Pourquoi la crise s’est-elle accentuée dans la région de Tillabéri?

Nous publions ce rapport quelques mois après les attaques perpétrées à Inates et Chinegodar, qui ont tué plus de 150 soldats en quelques semaines. Ces attaques ont montré la gravité de la situation au Nord Tillabéri, et ont illustré la montée en puissance de l’Etat islamique (EI) dans cette zone, liée à plusieurs facteurs très divers.

Par exemple, les efforts du Niger et de l’opération Barkhane pour y repousser l’EI ont parfois eu l’inverse des résultats espérés. En 2017 et 2018, des accords ont été passés avec des milices maliennes afin qu’elles mènent des opérations contre-terroristes au Nord Tillabéri, mais certaines de ces frappes ont en fait ciblé des civils. En conséquence, Niamey s’est aliéné de nombreux résidents des communautés frontalières, qui ont de leur côté cherché la protection de l’EI. A cet égard, l’EI ne représente pas qu’une menace sécuritaire, il est aussi un concurrent de l’Etat en matière de gouvernance.

Que proposez-vous ?

Mettre l’accent sur une stratégie militaire risque de fragiliser encore plus les populations du Nord Tillabéri ainsi que leurs liens avec l’Etat.
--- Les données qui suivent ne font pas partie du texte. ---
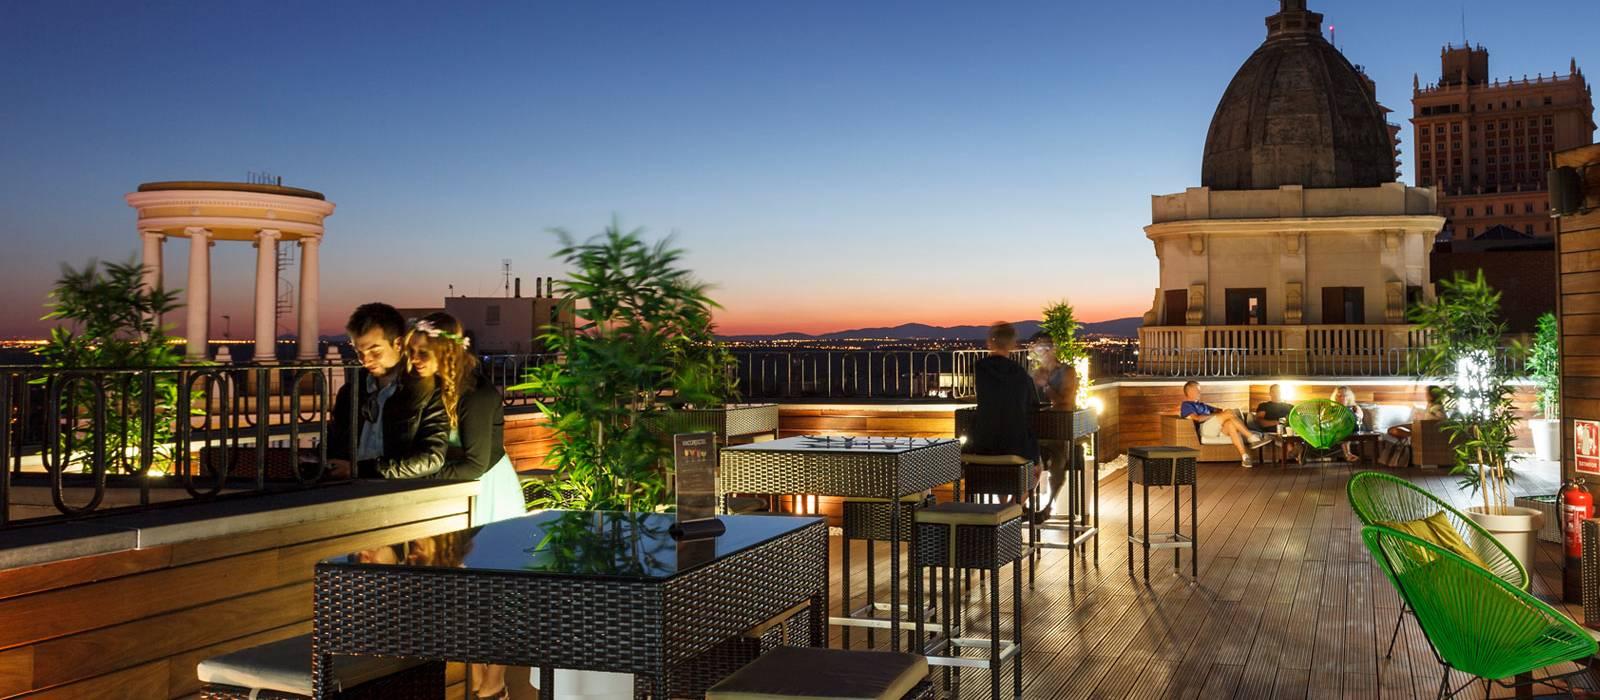 Hoteles con terraza en madrid vincci v a 66 for Casa de granada terraza madrid

Ce dernier devrait au contraire mettre l’accent sur une stratégie politique visant à retisser les liens avec les populations et à répondre à leurs griefs.

Souvent, les gens qu’on appelle des terroristes ont été poussés à prendre les armes pour défendre leurs troupeaux, ont cherché à se venger d’attaques menées par leurs rivaux ou ont voulu assurer un accès aux ressources foncières et hydriques dont leur survie dépend. A Tingara par exemple, des tensions entre deux villages pour le contrôle de champs a poussé l’un d’entre eux à s’allier à l’Etat, tandis que l’autre s’est allié à l’Etat islamique.
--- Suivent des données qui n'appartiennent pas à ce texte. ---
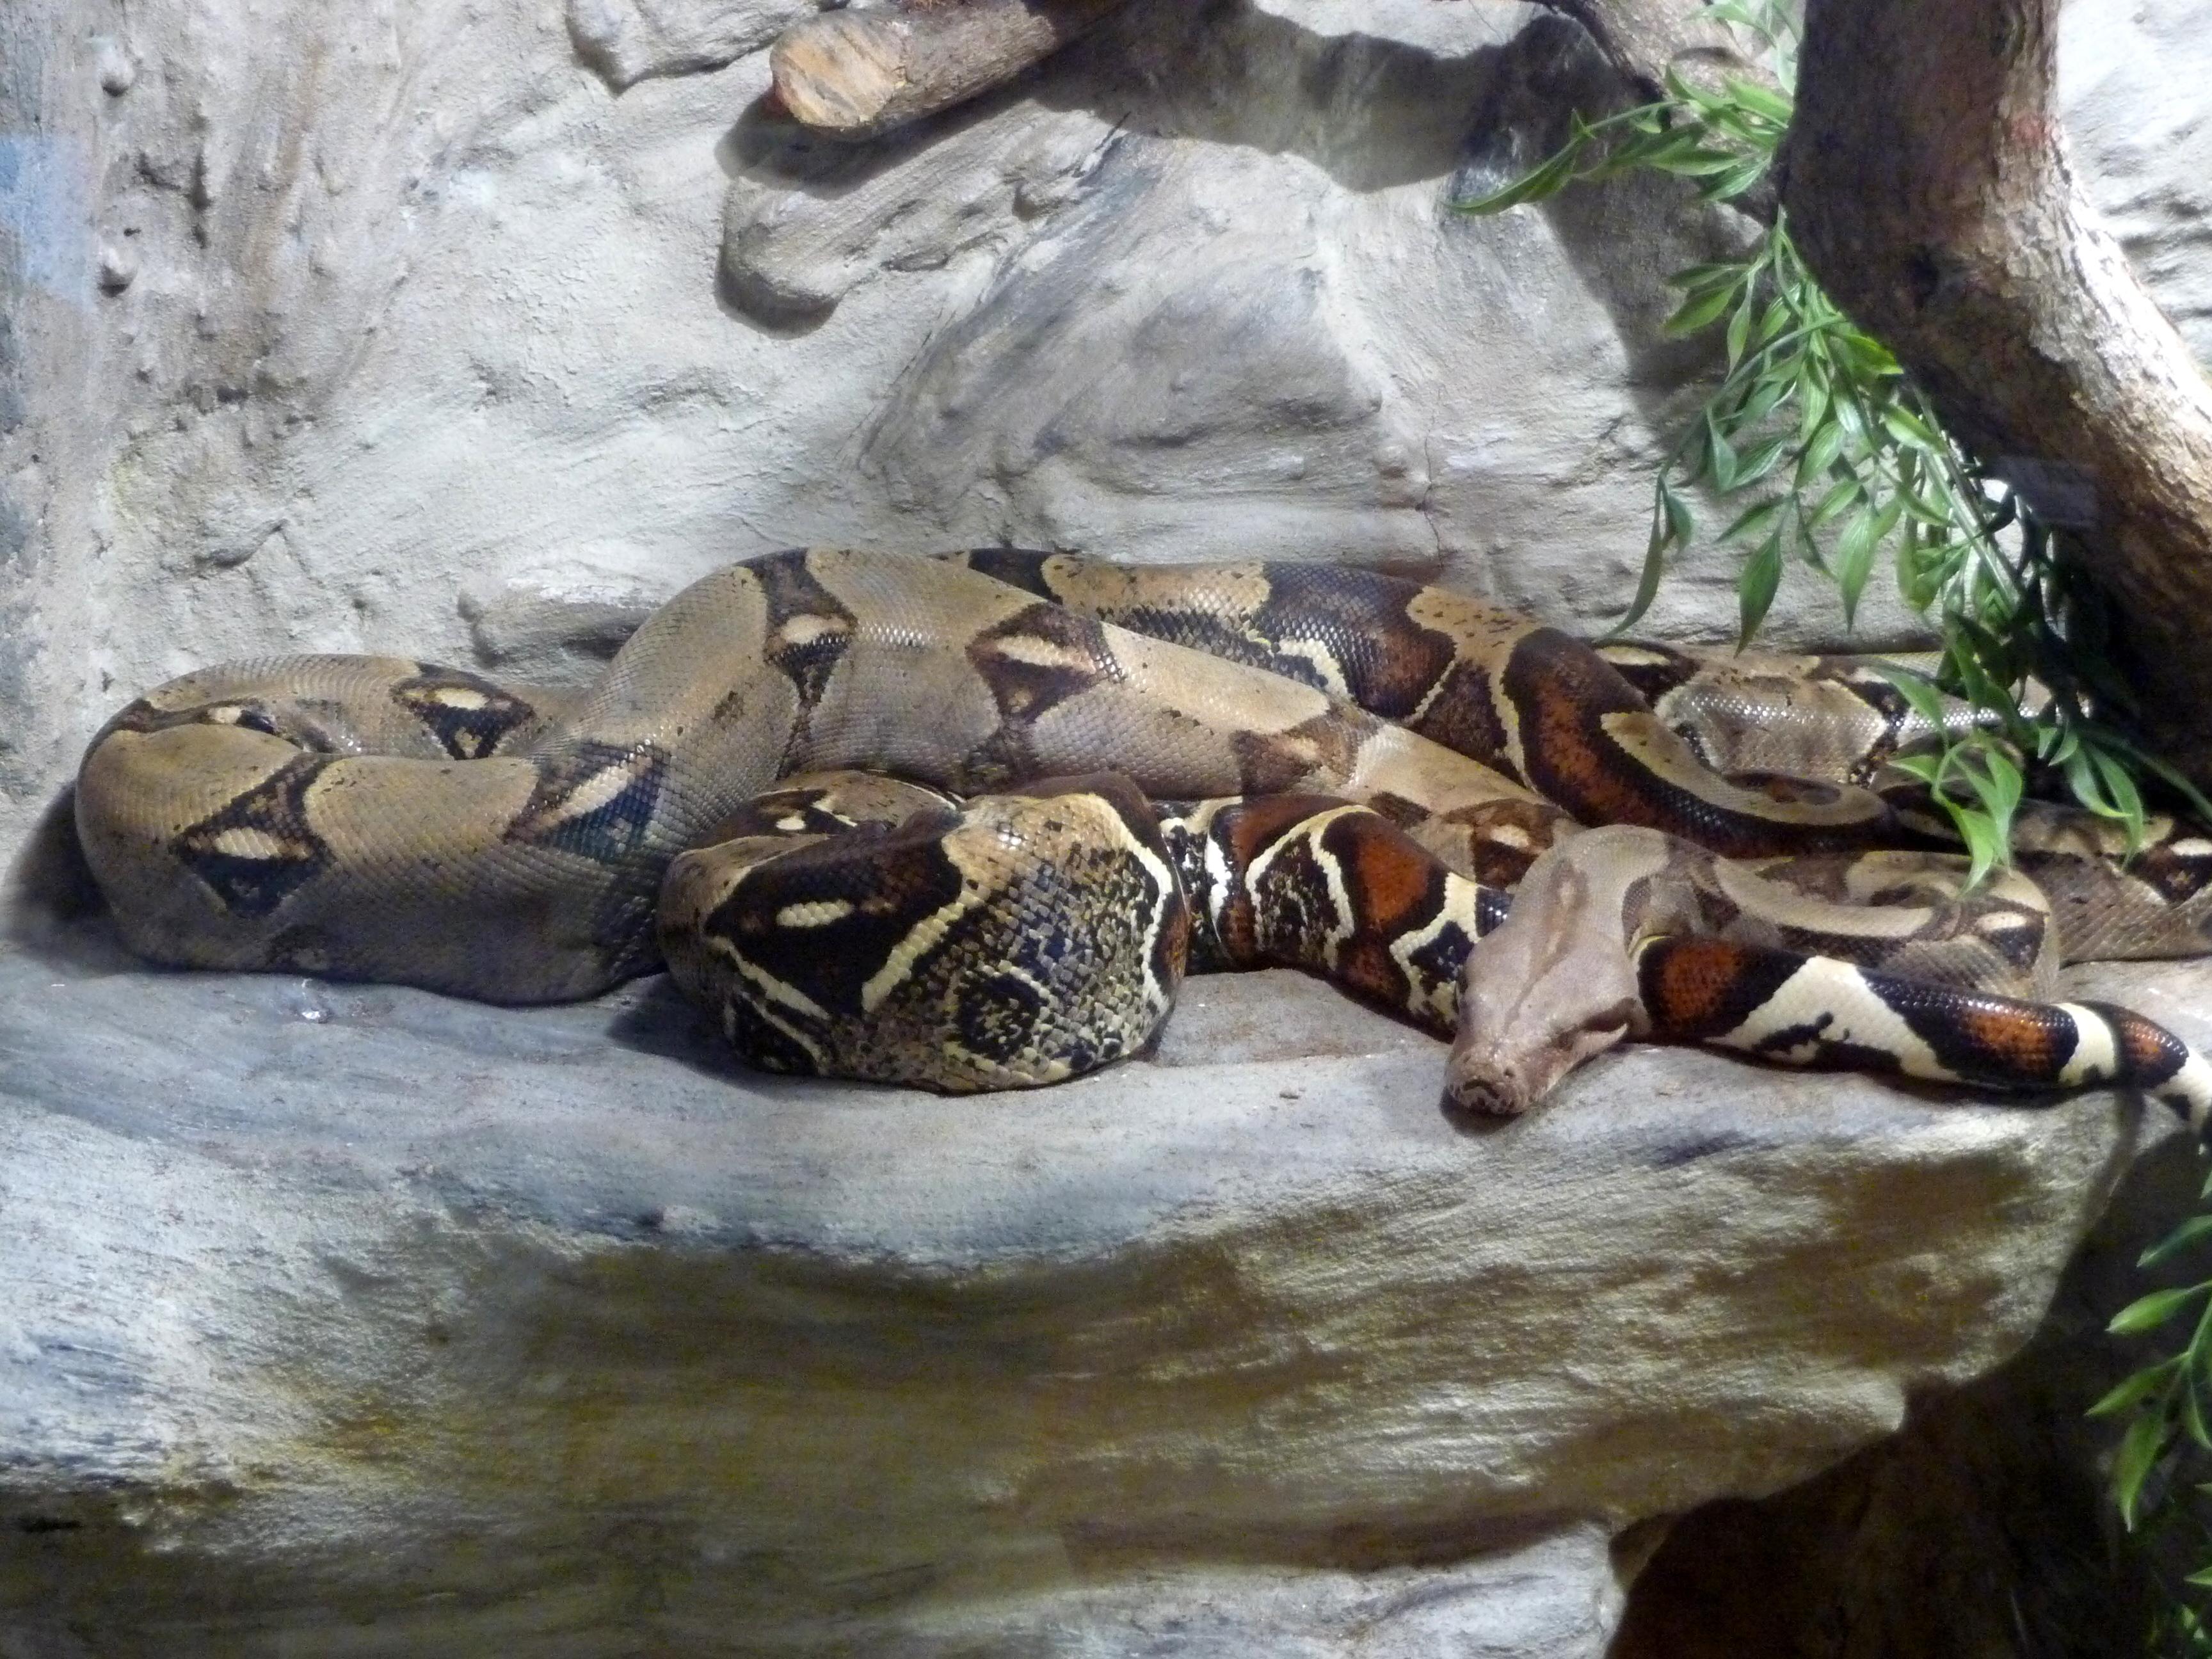 Angel boris in boa vs python 4

La stratégie militaire est nécessaire, mais elle a ses limites. Elle doit être accompagnée d’un projet politique coordonné et ambitieux répondant aux problèmes qui concourent à la marginalisation des populations frontalières, qu’il s’agisse des tensions autour des droits fonciers ou de la sous-représentation des groupes comme les Peuls dans les institutions étatiques.
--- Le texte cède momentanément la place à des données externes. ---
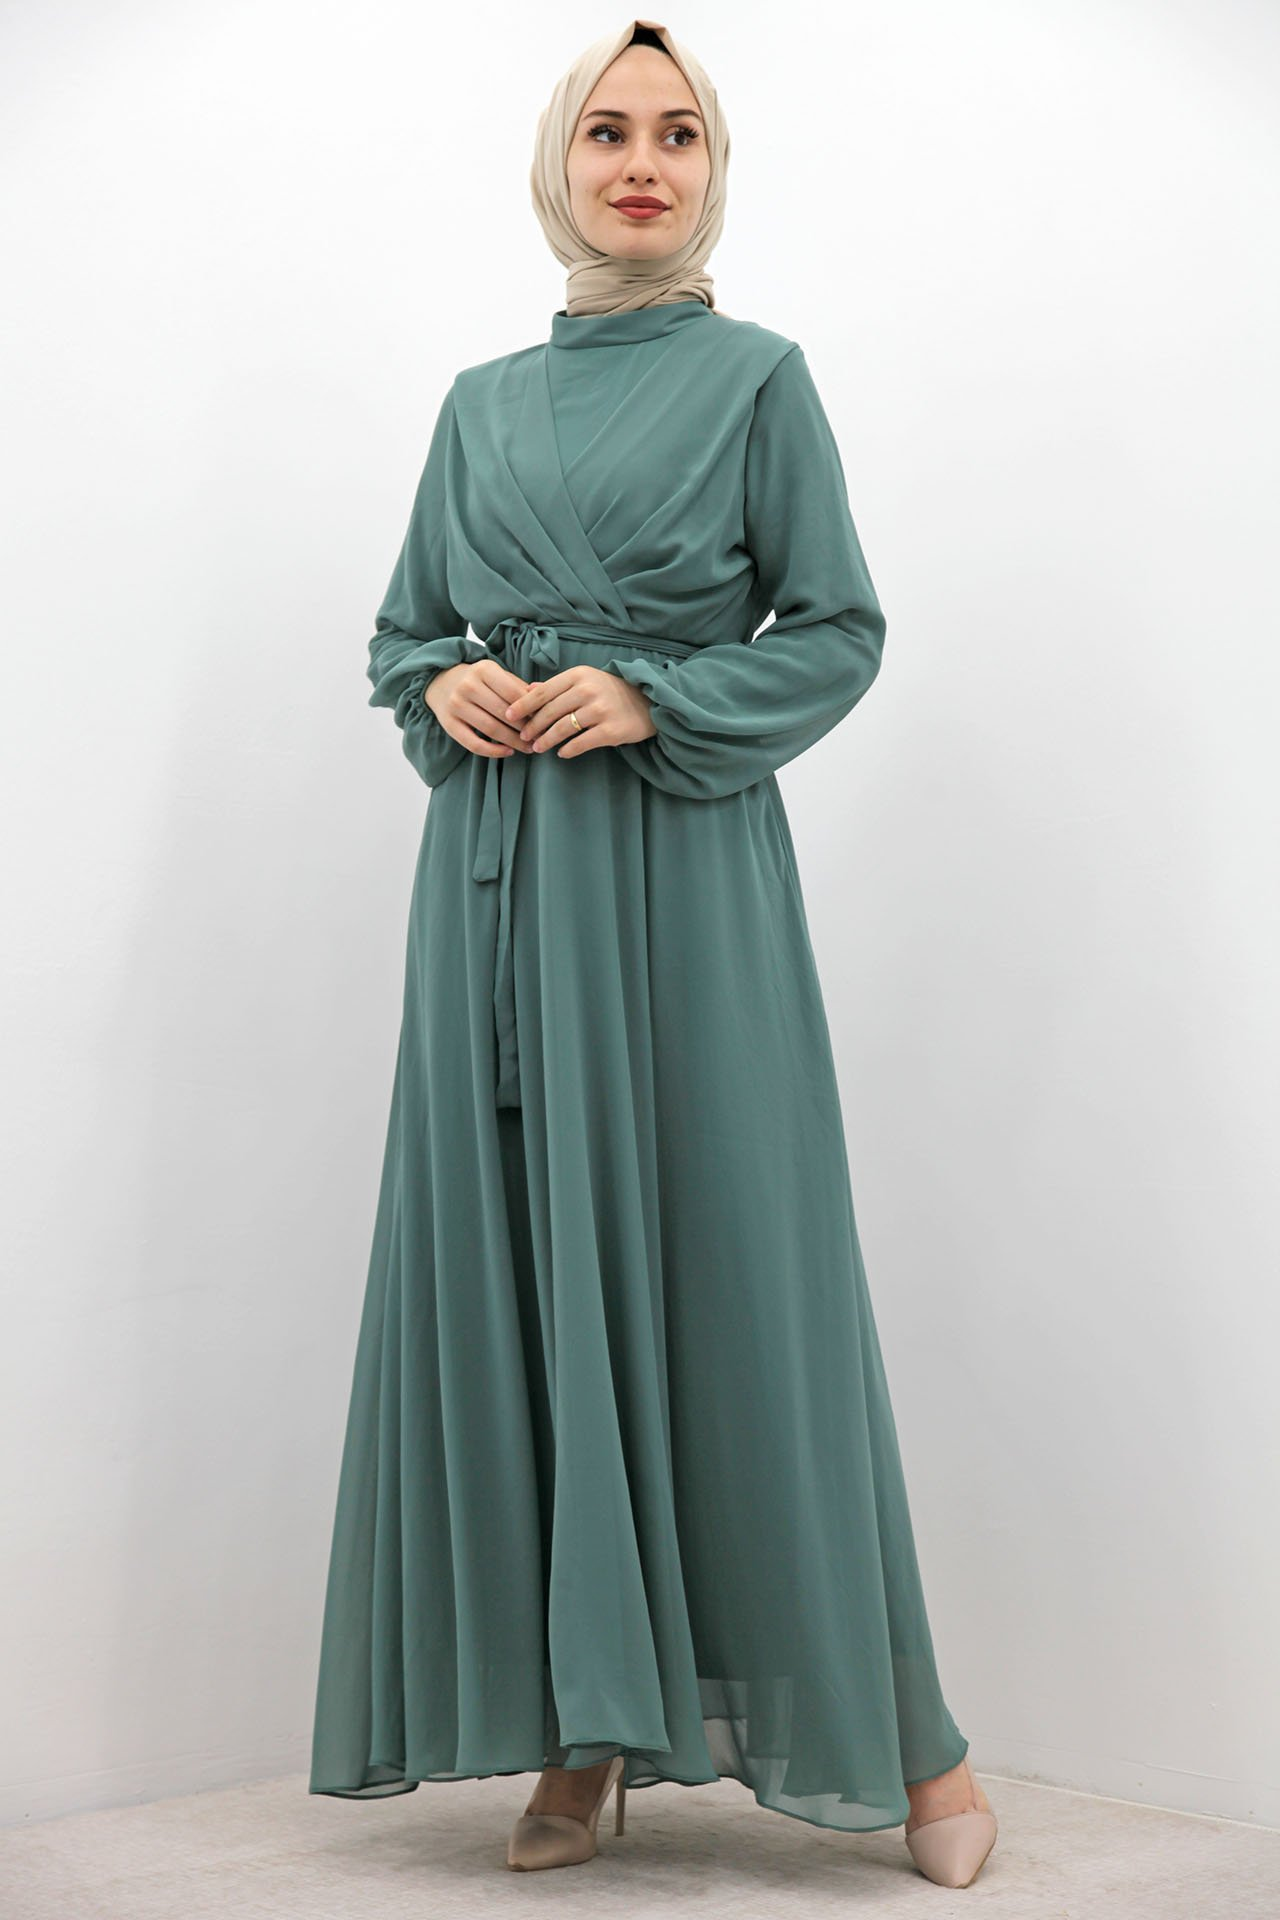 GİZAGİYİM - Önü Çarpraz Şifon Elbise Mint

Vous avez proposé à l’Etat nigérien de poursuivre avec le dialogue. Pourquoi ?

Nous recommandons à l’Etat nigérien de dialoguer à la fois avec les communautés frontalières et avec les membres de l’Etat islamique afin de déterminer ce qui pourrait les pousser à s’éloigner du groupe jihadiste.

Après le sommet de Pau en France, les pays du Sahel central ont à nouveau mis l’accent sur le volet militaire et ont relancé de plus belle l’offensive contre l’EI dans le Liptako-Gourma, ce qui complique les stratégies de dialogue. L’Etat devrait donner la priorité au dialogue et aux projets politiques. Il arrive que les objectifs des partenaires étrangers comme la France et les Etats Unis, qui consistent notamment à tuer des terroristes, compliquent la mise en œuvre des stratégies de dialogue. Dans le cas qui nous occupe, le Niger pourrait demander à ses partenaires de suspendre leurs opérations pour lui laisser plus d’espace et de temps. Il n’est pour autant pas question ici d’abandonner les opérations militaires, mais plutôt de les intégrer dans une stratégie politique ayant des objectifs à plus long-terme. C’est le Niger qui est en première ligne, et c’est le Niger qui devra faire face aux tensions dans cette zone dans les décennies à venir.

Les chefs traditionnels nigériens sont particulièrement visés par ces attaques. Pourquoi ?

Cette dynamique est particulièrement inquiétante. Souvent, les chefs qui semblent coopérer avec l’Etat dans le cadre de sa stratégie militaire sont pris pour cibles par l’EI. A d’autres moments, il semble que les chefs sont ciblés non pas par l’EI, mais plutôt par des rivaux qui profitent du chaos pour les éliminer.

Les chefs traditionnels doivent être protégés et l’Etat devrait éviter de leur demander de jouer un rôle militaire, notamment leur demander de localiser les combattants de l’EI ou de fournir des renseignements sur leurs activités. De moins en moins de chefs peuvent de la sorte jouer le rôle de lien politique entre l’Etat et la région, un rôle particulièrement important en vue de regagner la confiance des communautés marginalisées.